A professor at the University of Arkansas is warning about the negative impact that he believes embedded and unrestrained anti-Christian bias is having on American college campuses.
Robert Maranto, 21st century chair in leadership in the university’s department of education reform, published an op-ed this week in The Atlanta Journal-Constitution, using an example of racial discrimination to highlight his belief that anti-Christian sentiment is a modern-day campus problem.
“Compared to racial and gender discrimination, this kind of religious discrimination gets little attention from researchers,” Maranto wrote. “Professors do not find the topic interesting, which itself is telling. Yet the extant research findings are concerning.”
He went on to cite examples of studies that have shown that Christians have a harder time getting into psychology doctoral programs, and that socially conservative professors have to work harder and publish more articles than their ideologically opposed peers if they want access to the same academic positions.
Another study Maranto referenced — one that I cover in-deph in my book, “Fault Line: How a Seismic Shift in Culture Is Threatening Free Speech and Shaping the Next Generation” — focuses on researcher George Yancey’s study that found that many professors would hesitate to hire evangelical Christians.
Maranto’s concern, though, isn’t necessarily that secular individuals hold these views; it’s that he worries about the lack of ideological diversity that comes as a result of those collective positions, warning that it enables “an arrogant tendency to dismiss dissenters as unacceptable people with unacceptable opinions.”
“Like other biases, anti-Christianity limits the talent we recruit,” he wrote. “Second, exiling dissenters retards research.
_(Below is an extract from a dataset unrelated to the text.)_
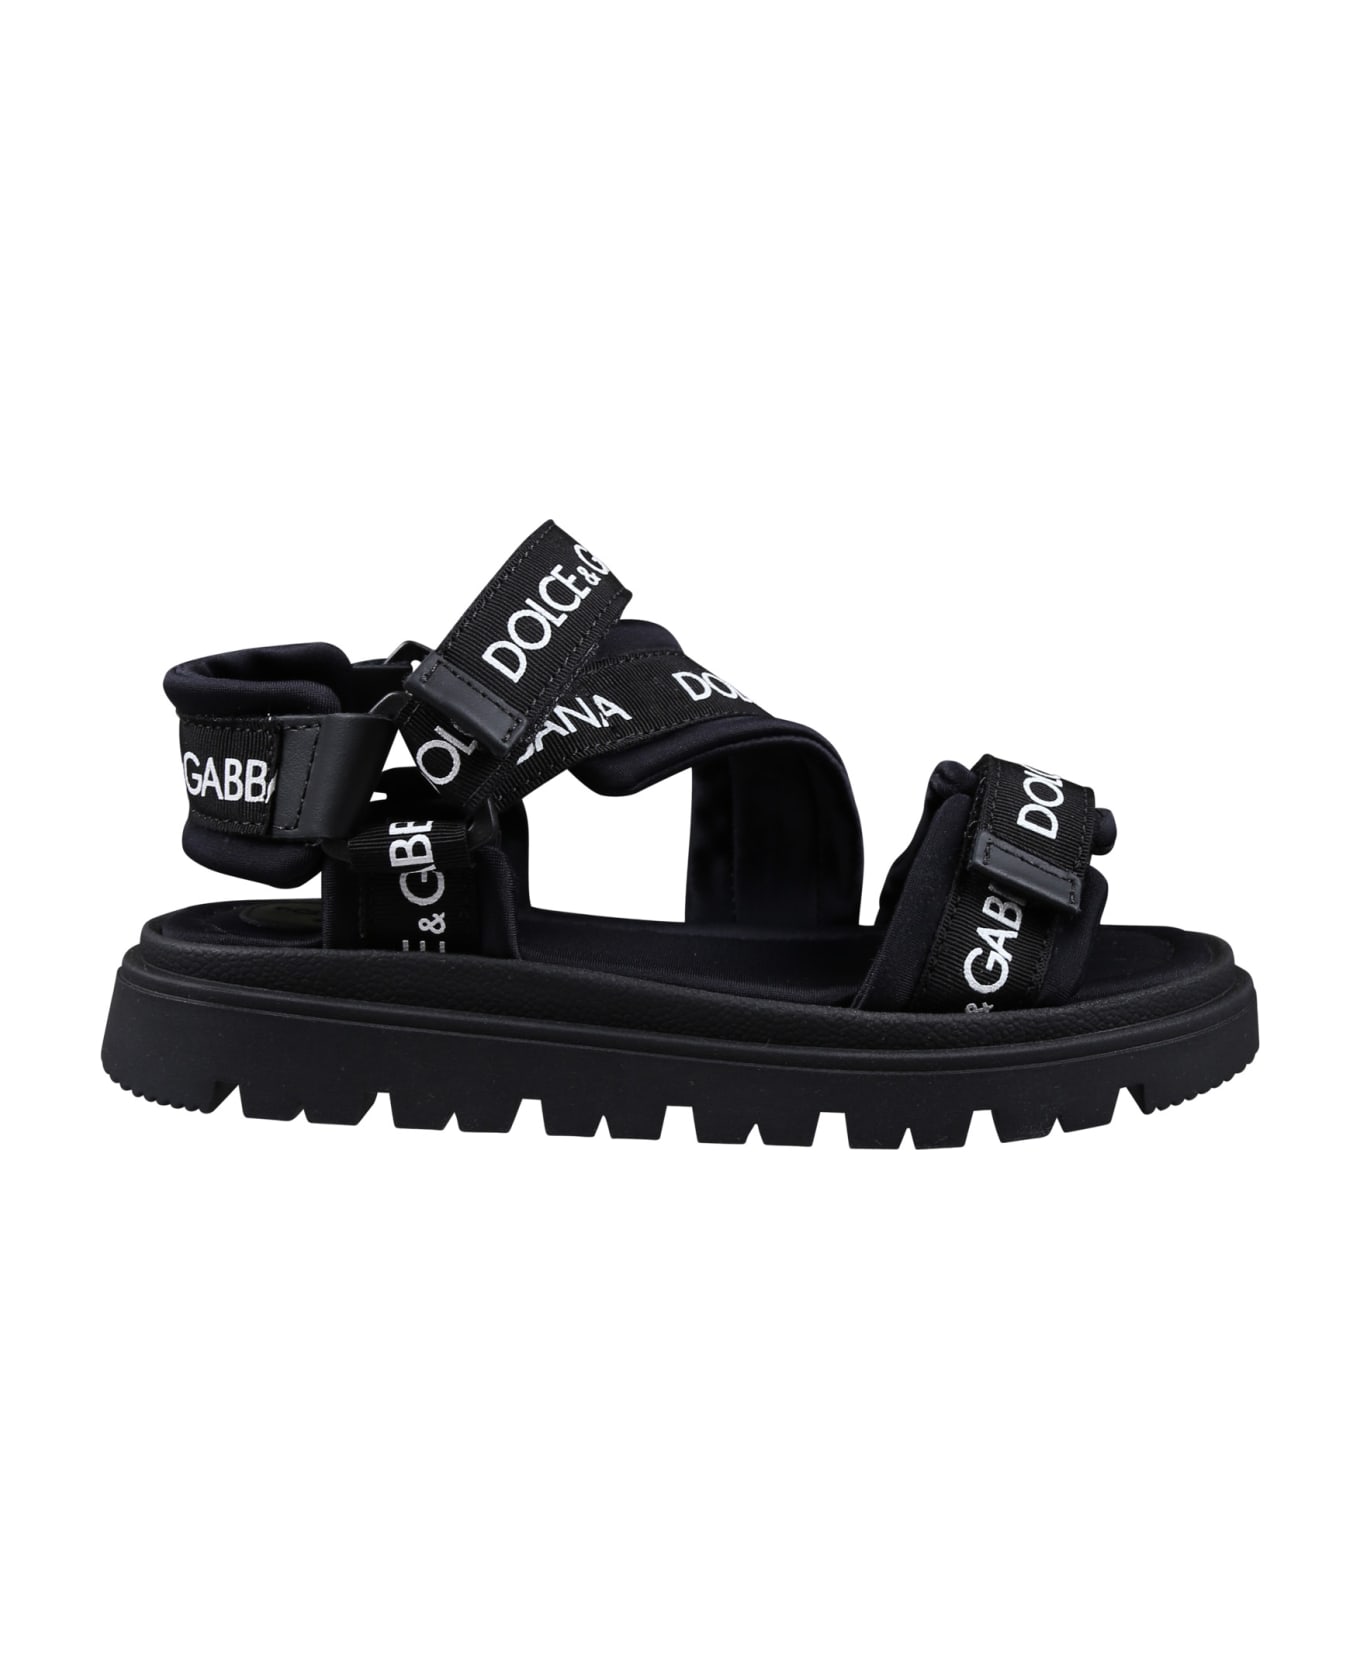 Dolce & Gabbana Black Sandals For Kids With Logo - Black
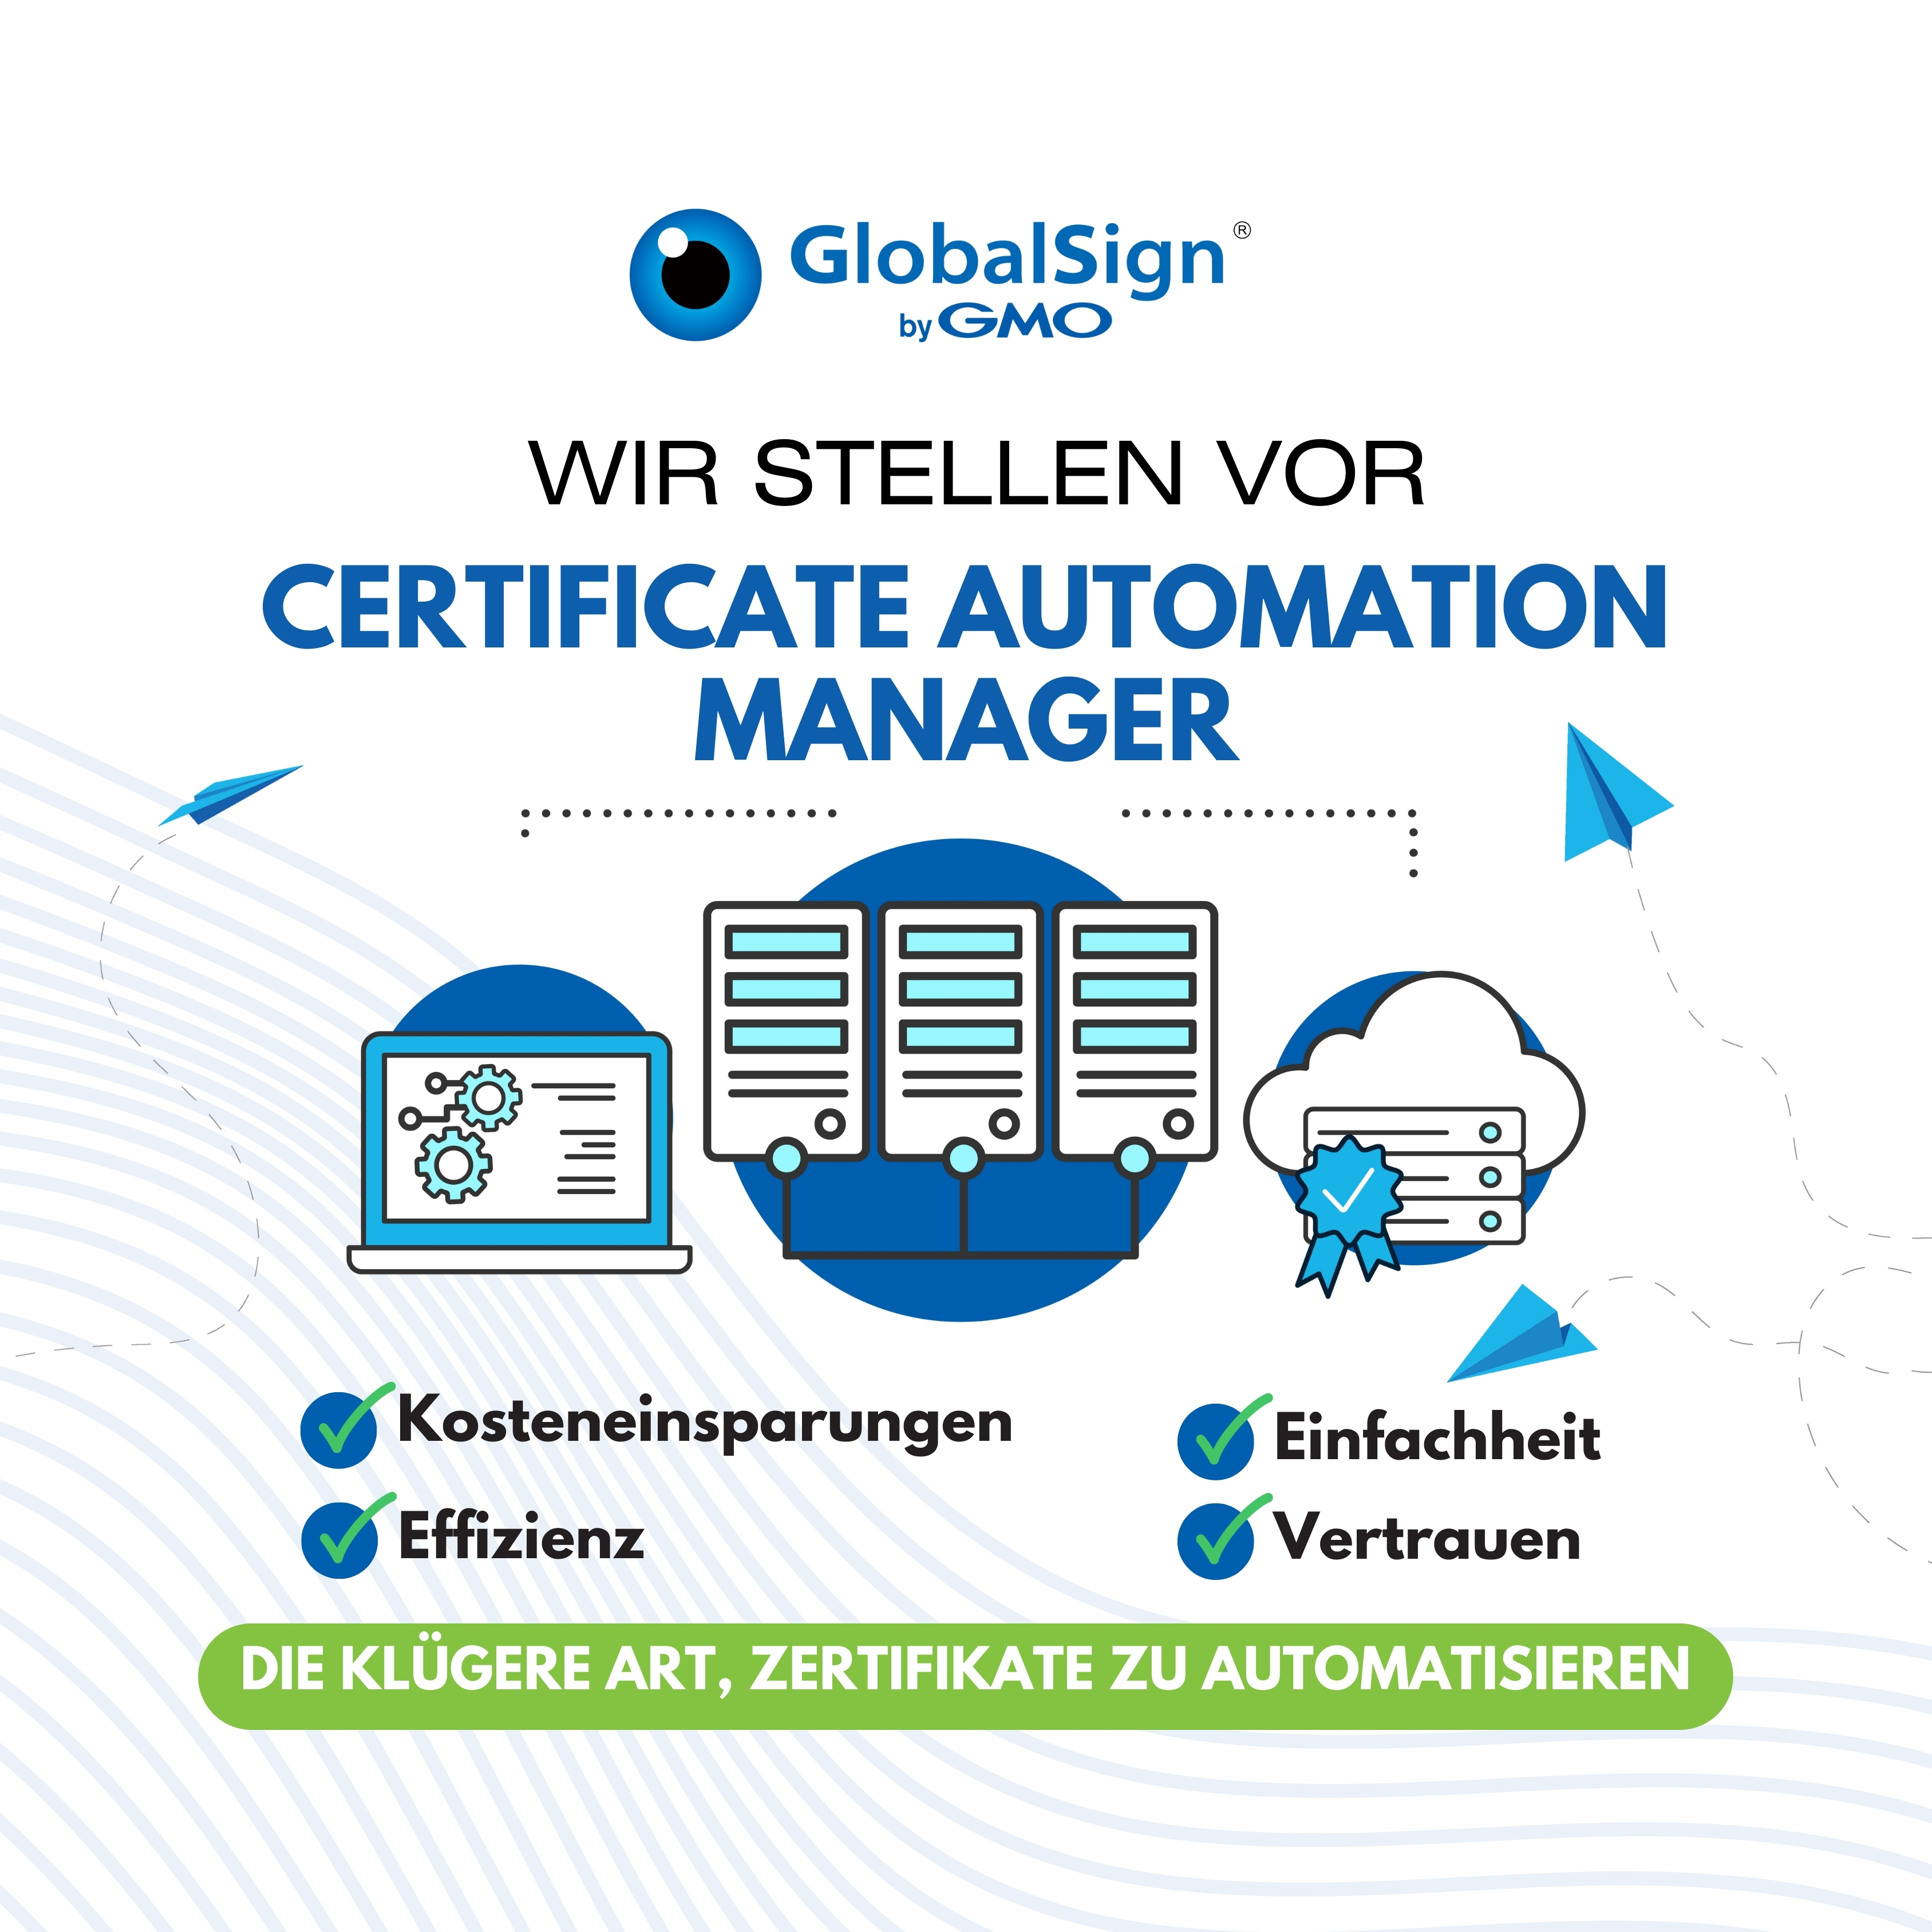 GMO GlobalSign präsentiert den Certificate Automation Manager

On subjects from family life to foreign policy, academia has scores of professors asking questions of interest to the secular left for every one doing so from the religious right.”
In the end, Maranto said this limits professors’ understanding of the world. But he said the biggest problem is that this contributes to a situation in which people — particularly Christians — lack trust in institutions such as media, universities and higher education.